==== INPUT DATA

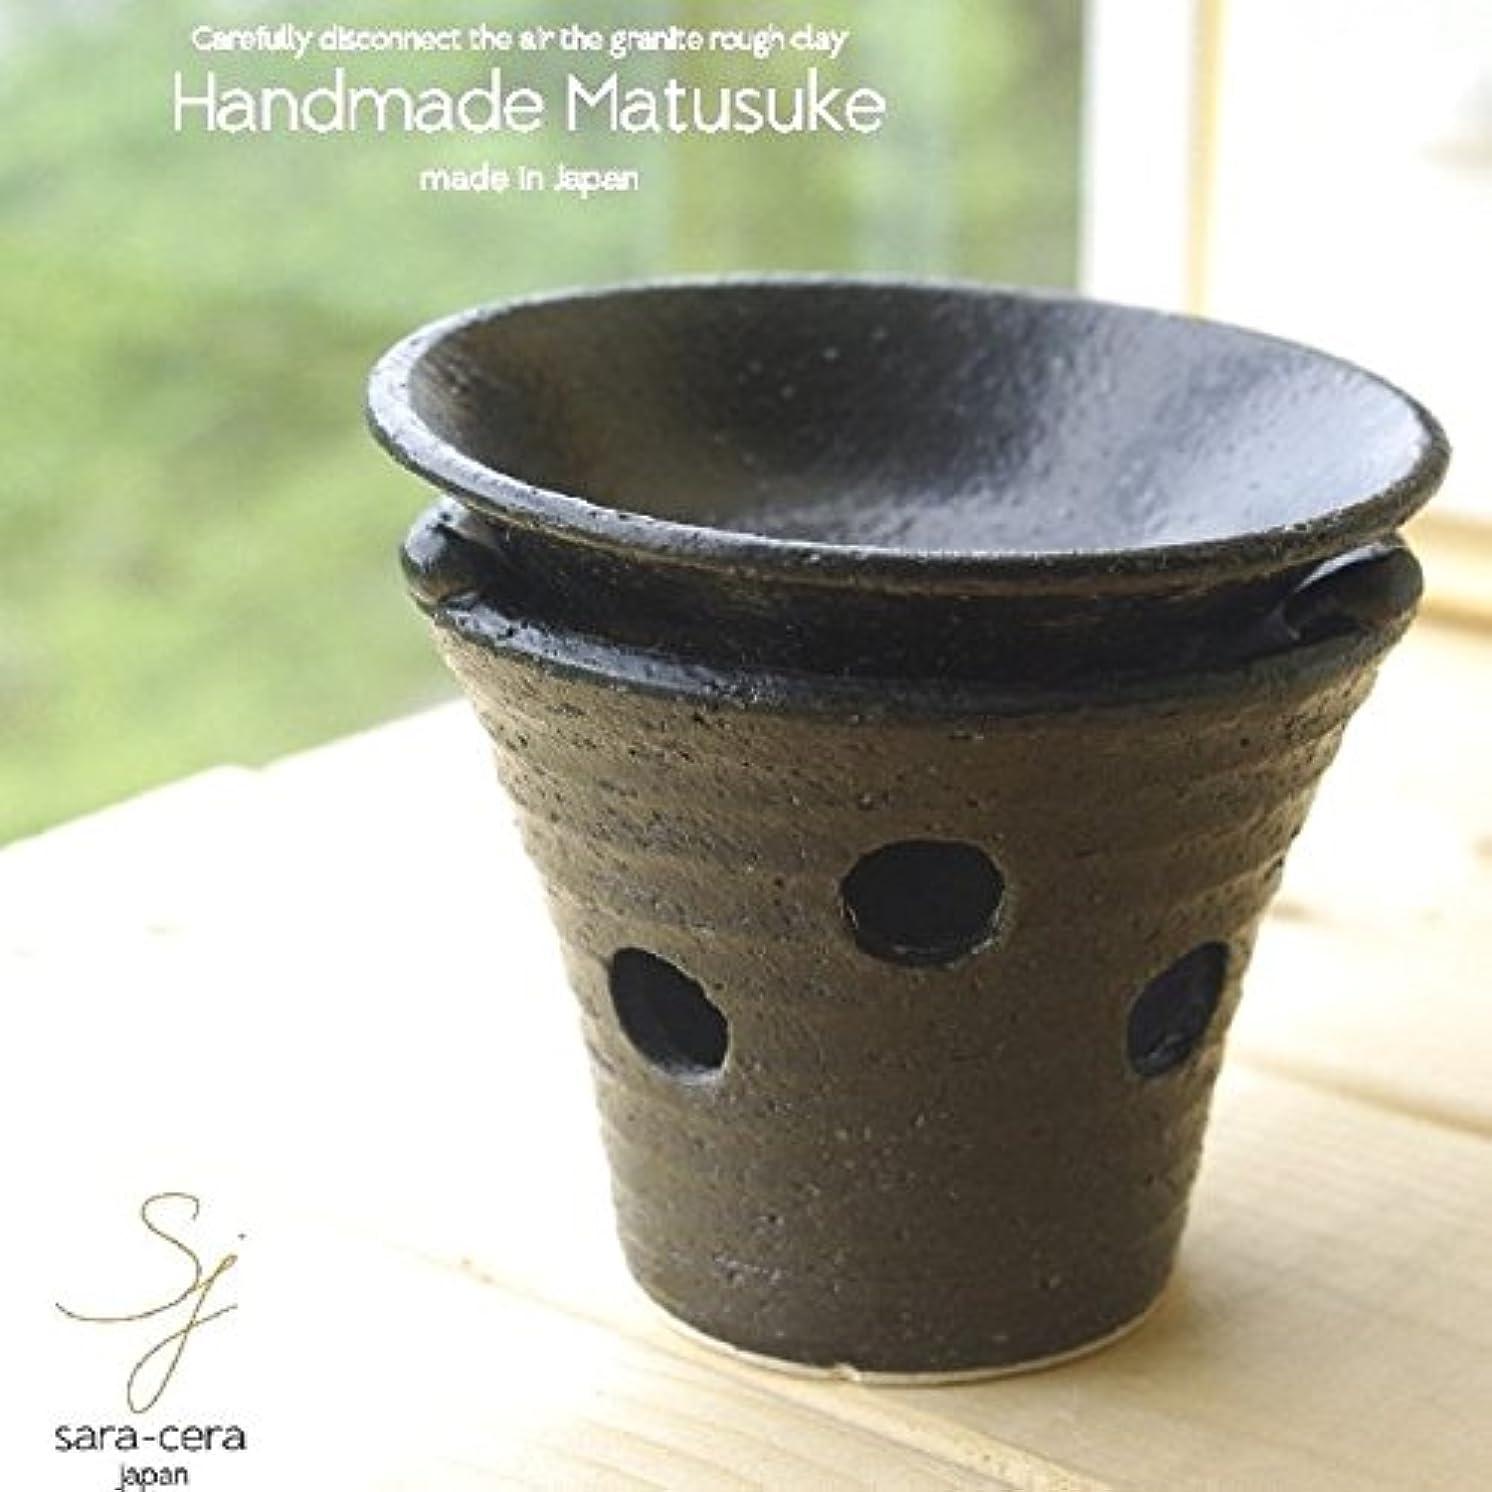 フェミニンワードローブ以下松助窯 手作り茶香炉セット 黒釉 ブラック アロマ 和食器 リビング
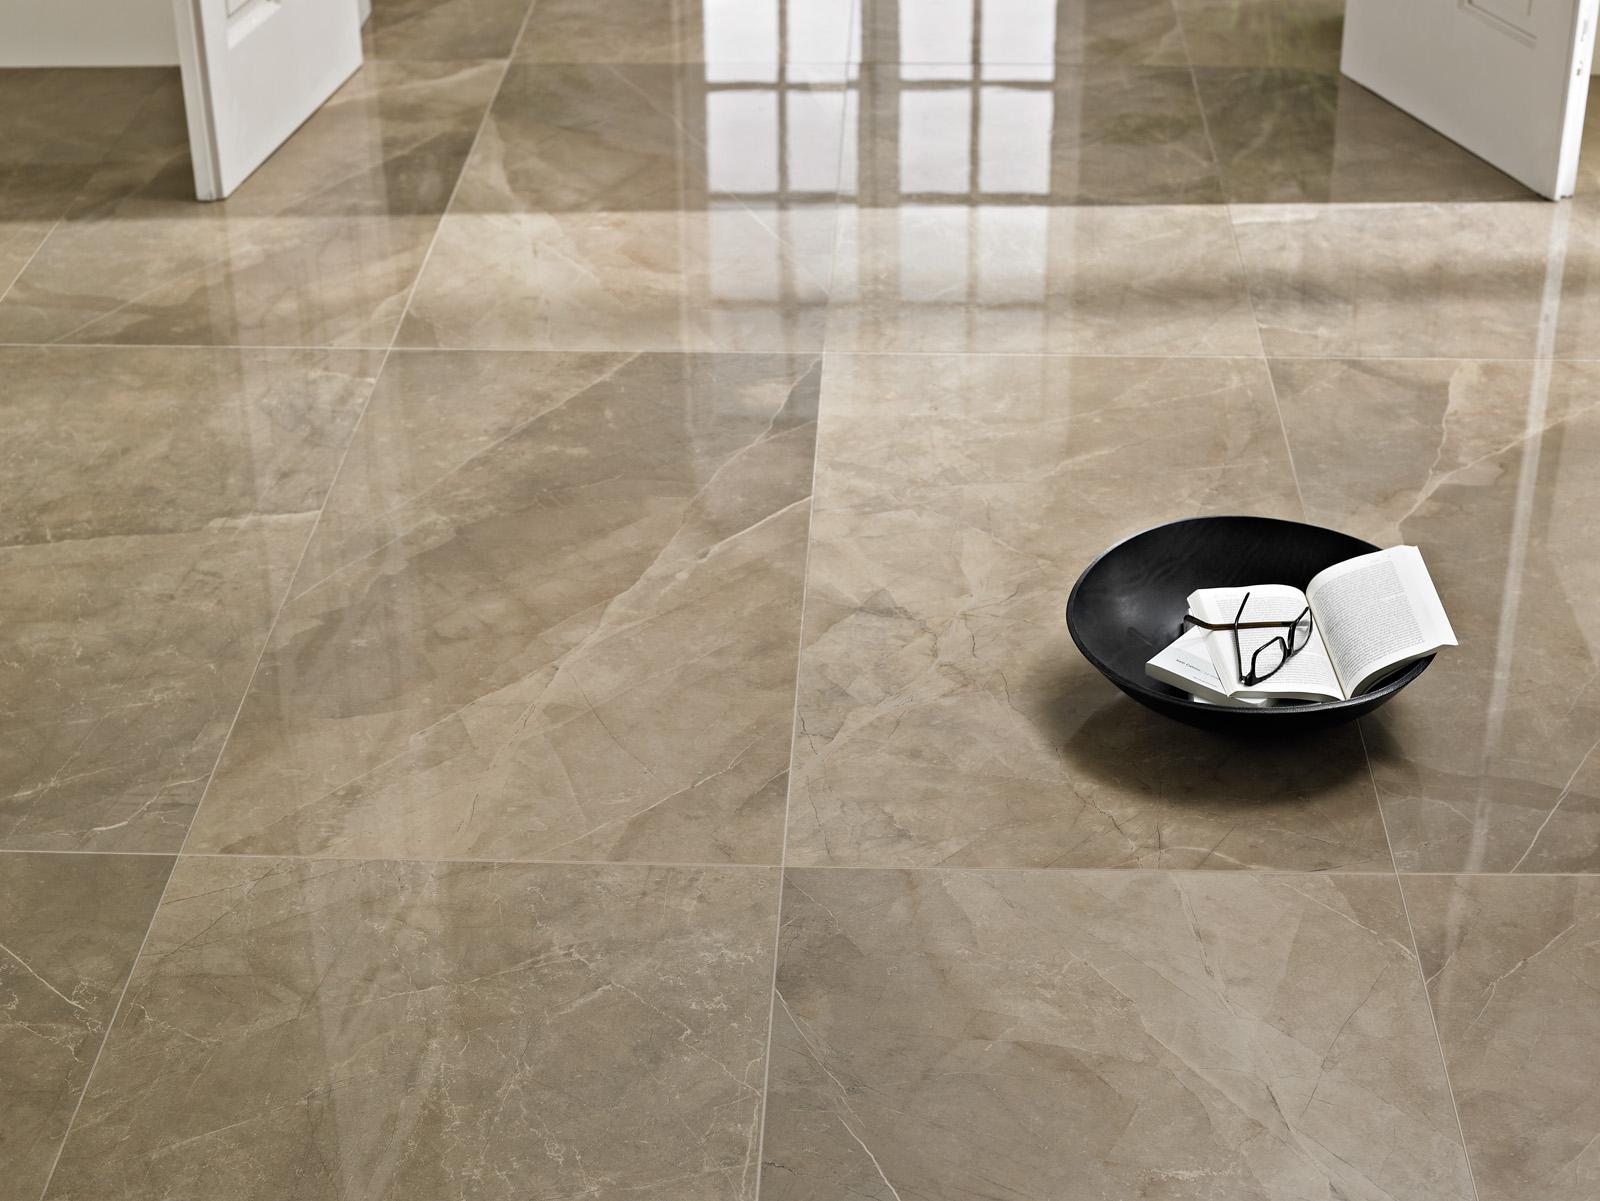 Evolutionmarble gres porcellanato effetto marmo marazzi - Piastrelle gres porcellanato effetto marmo ...
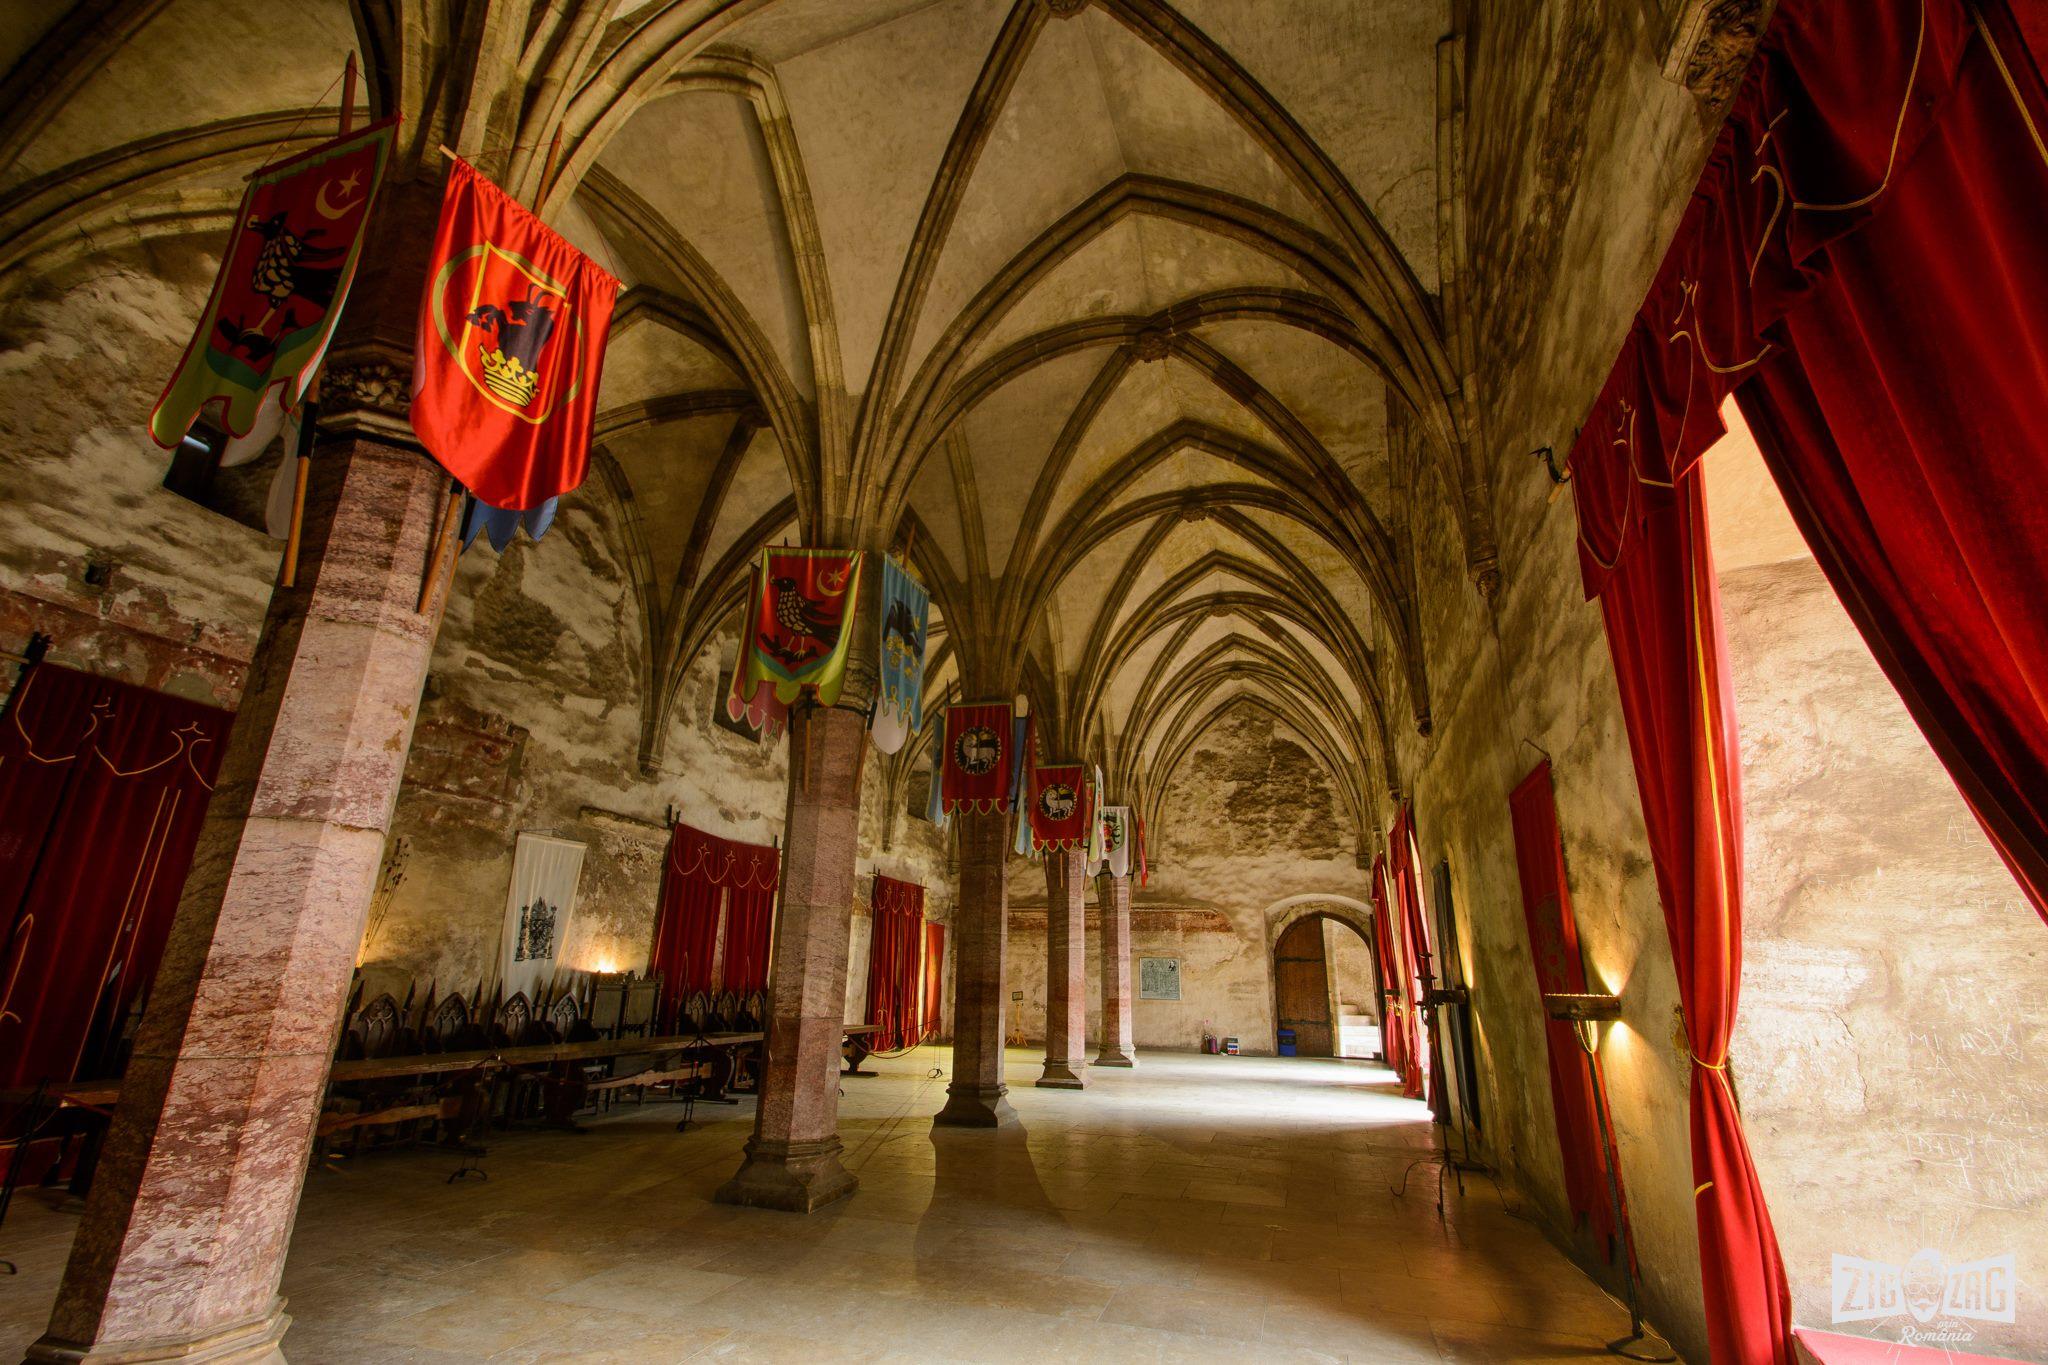 castelul corvinilor interior 1
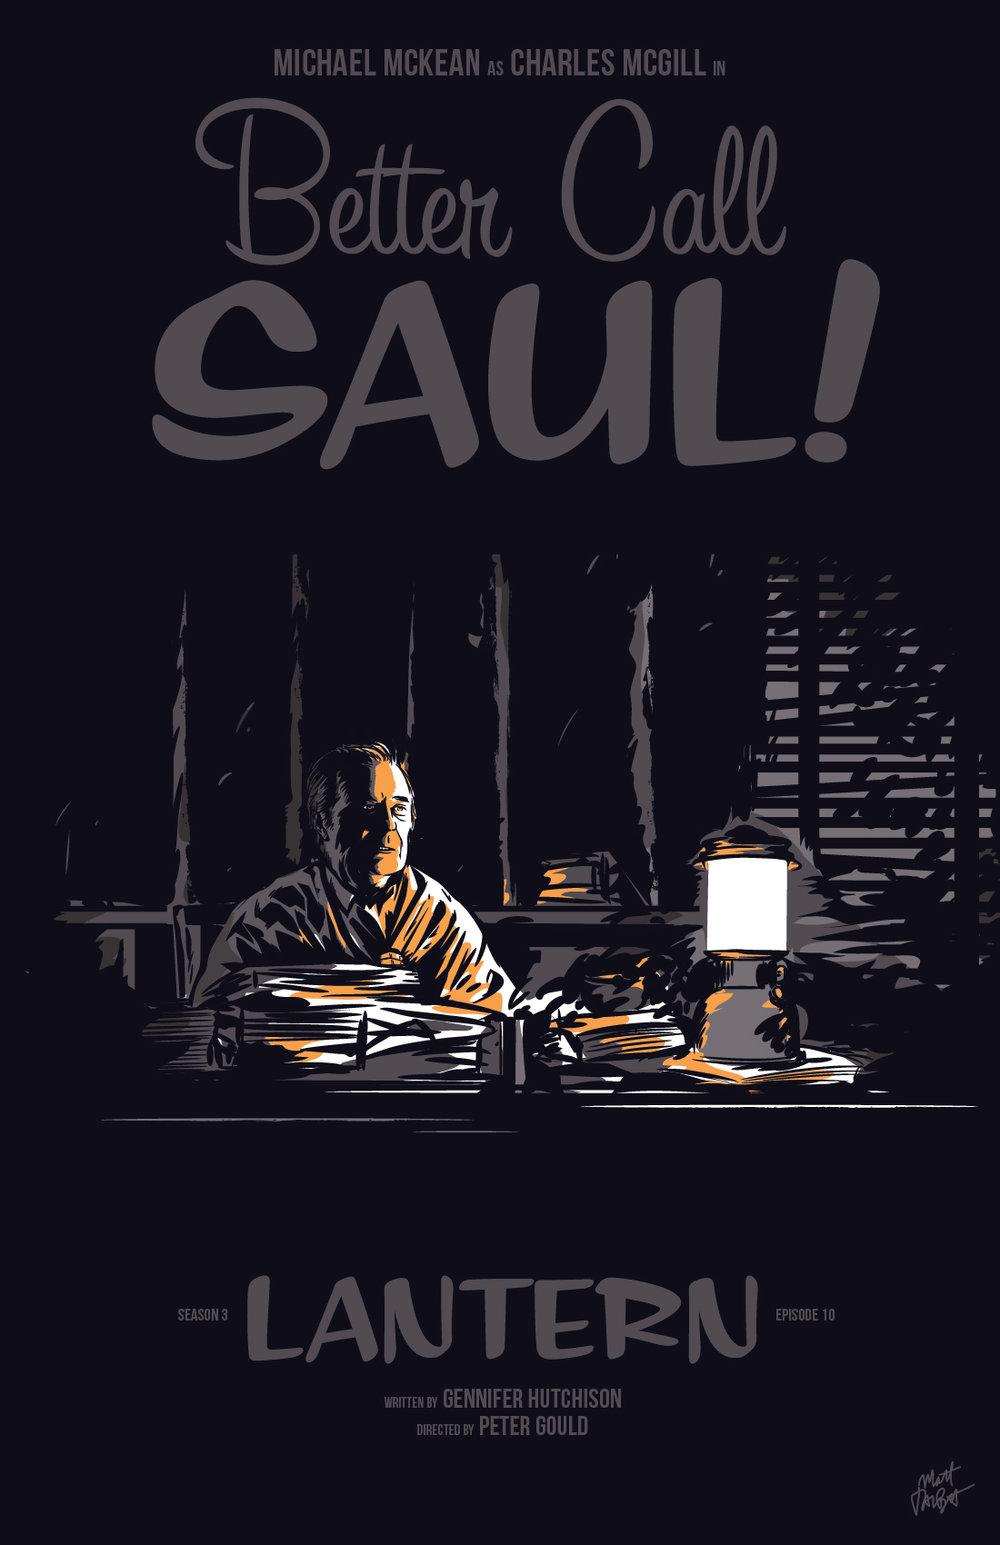 Better Call Saul episode 310, Lantern, poster by Matt Talbot

========

_REQUIREMENT_
Each line above is to be copied exactly, and the pictures are to be dropped.

_SOLUTION TO THIS PROBLEM_
 フェミニンワードローブ以下松助窯 手作り茶香炉セット 黒釉 ブラック アロマ 和食器 リビング
 Evolutionmarble gres porcellanato effetto marmo marazzi - Piastrelle gres porcellanato effetto marmo ...
 castelul corvinilor interior 1
 Better Call Saul episode 310, Lantern, poster by Matt Talbot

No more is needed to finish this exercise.